● **Your task**: From the line containing "Black Box Receiver" through the last line of the material, copy every line exactly, both ends inclusive; do not copy pictures.

● **Data section**:
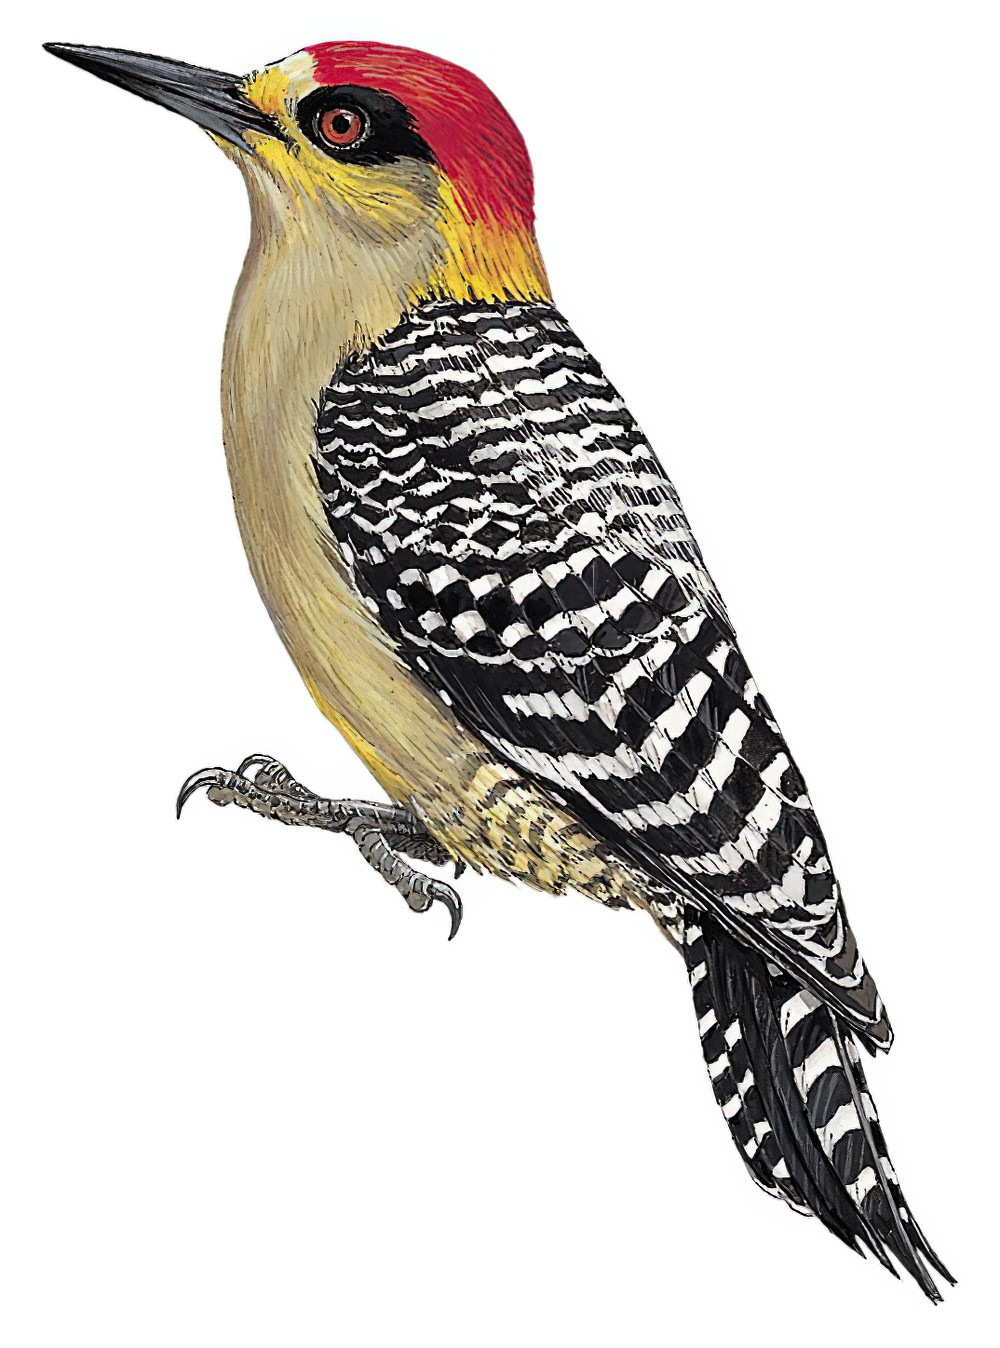 Golden-cheeked Woodpecker / Melanerpes chrysogenys
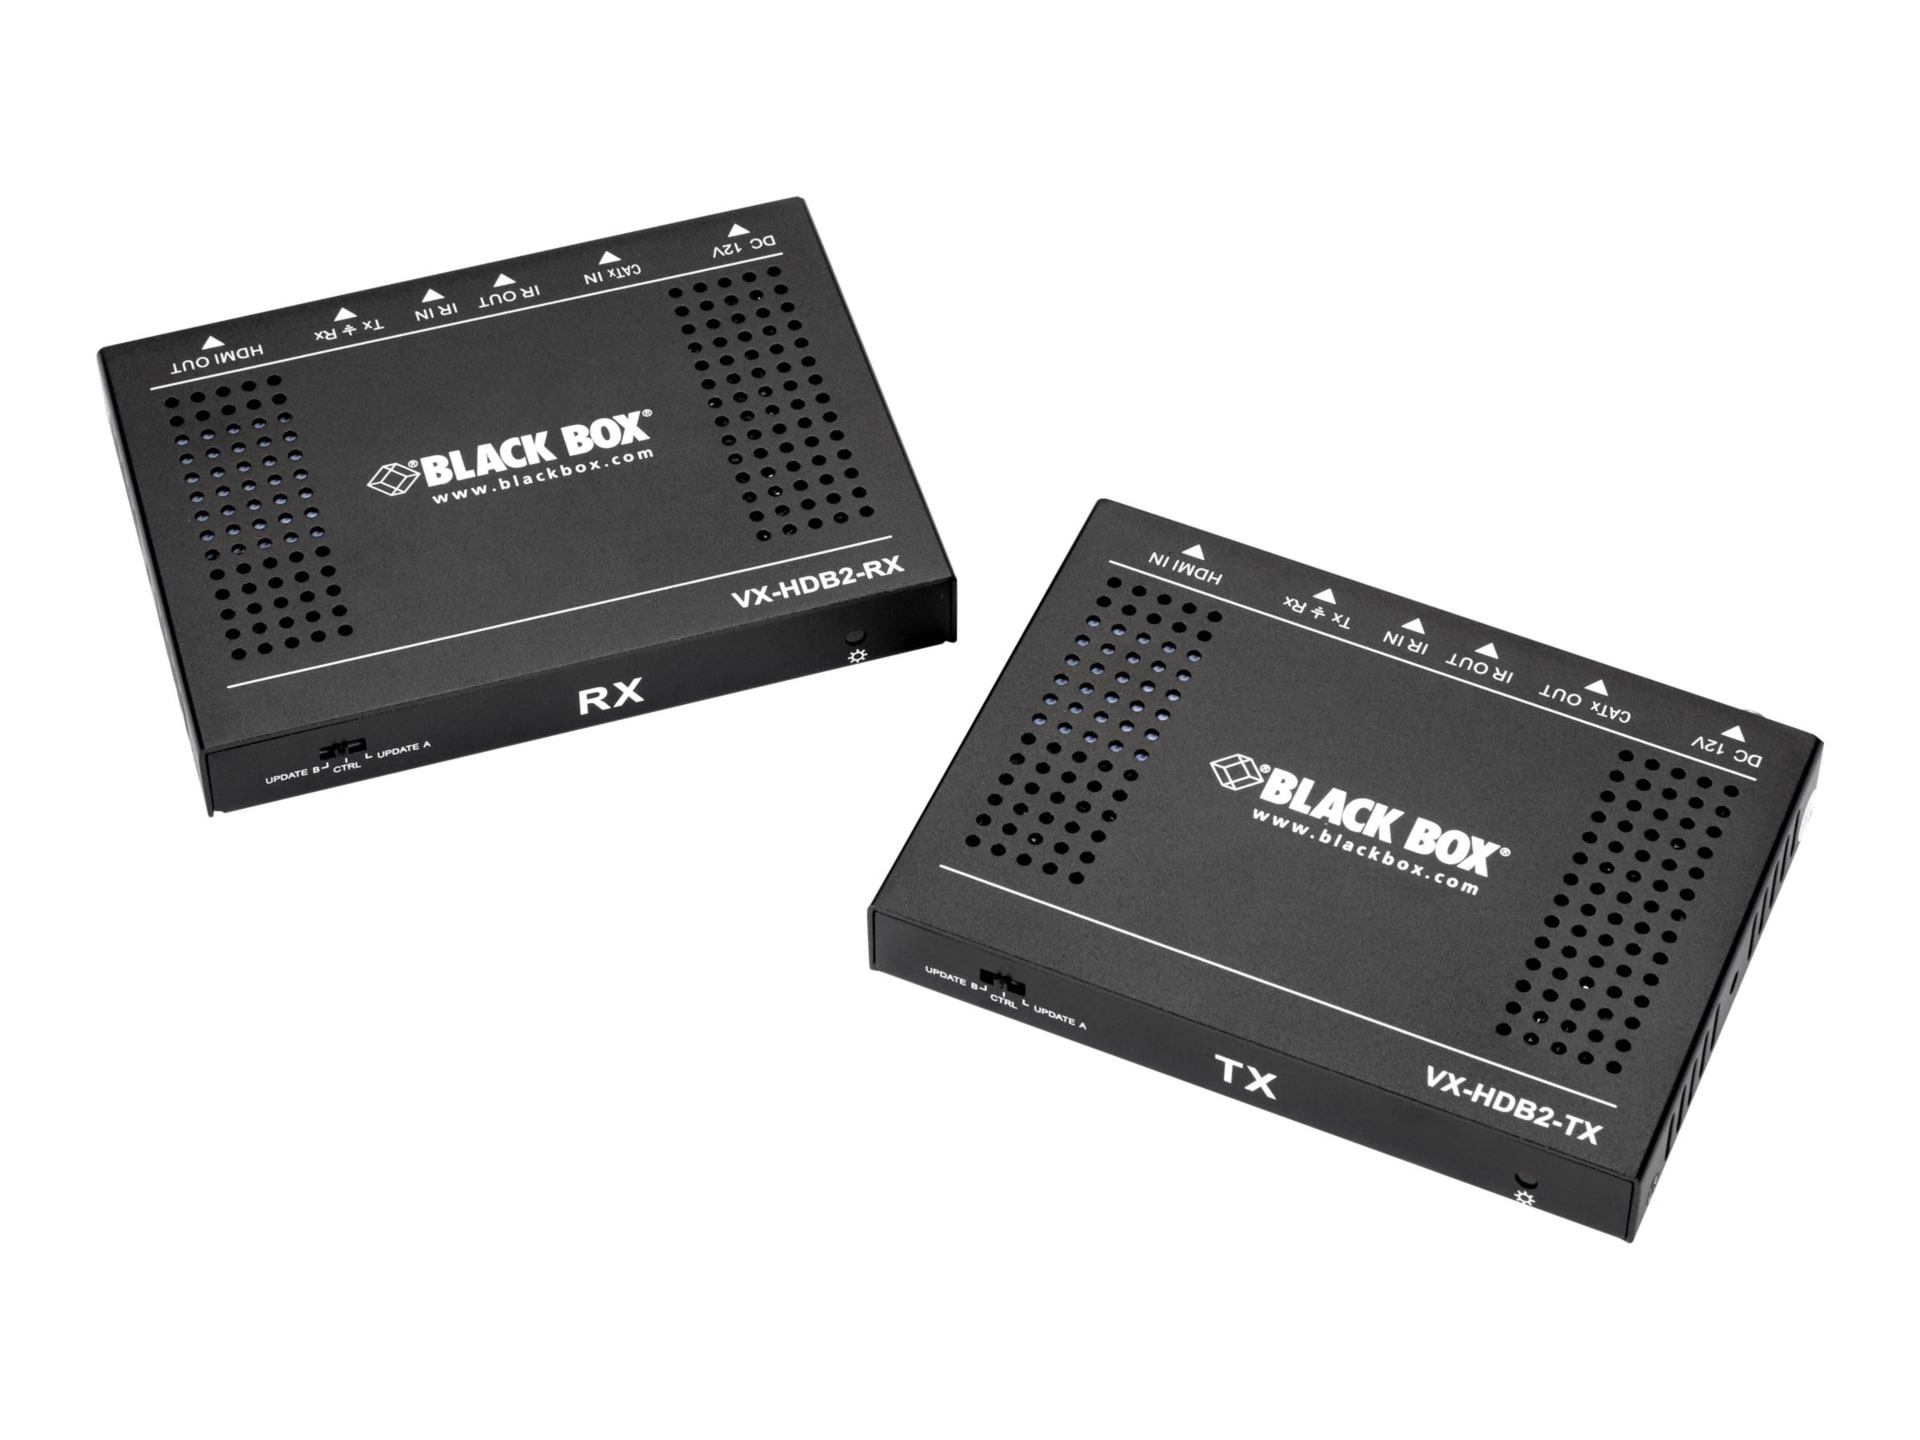 Black Box Receiver & Transmitter - video/audio extender
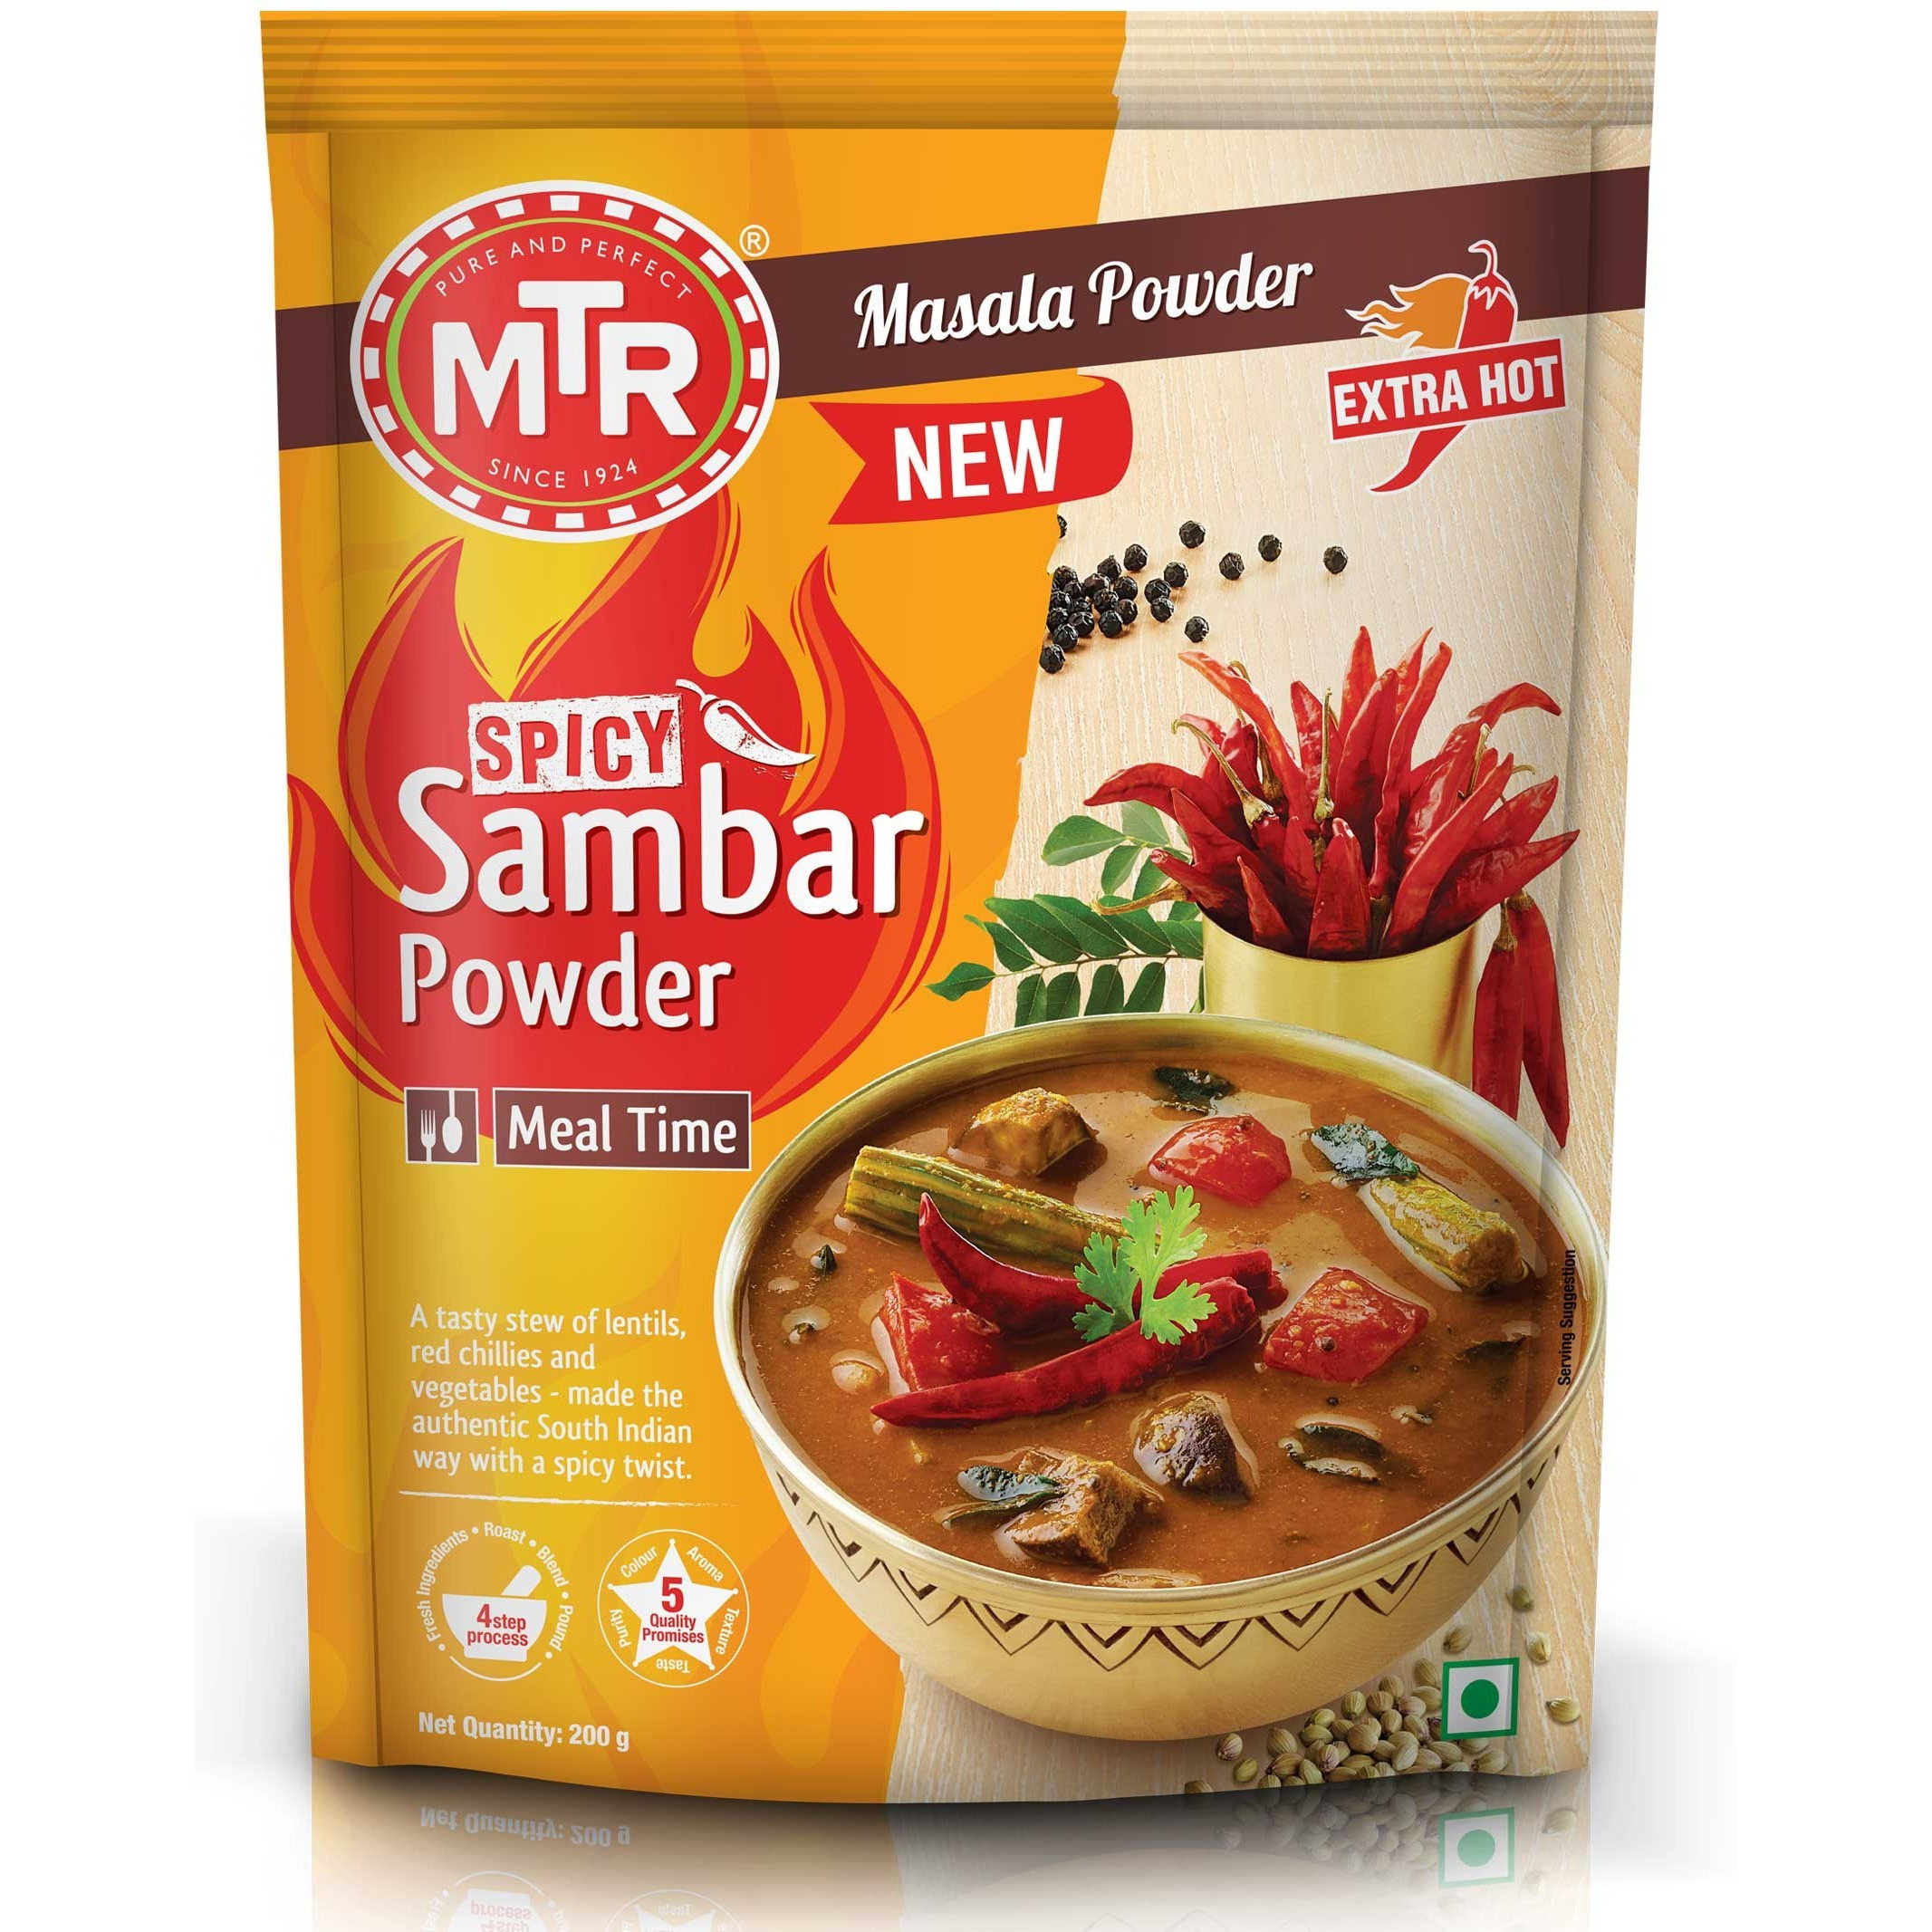 Pack of 4 - Mtr Spicy Sambar Powder Extra Hot - 100 Gm (3.5 Oz)

● **Solution**:
 Black Box Receiver & Transmitter - video/audio extender
 Pack of 4 - Mtr Spicy Sambar Powder Extra Hot - 100 Gm (3.5 Oz)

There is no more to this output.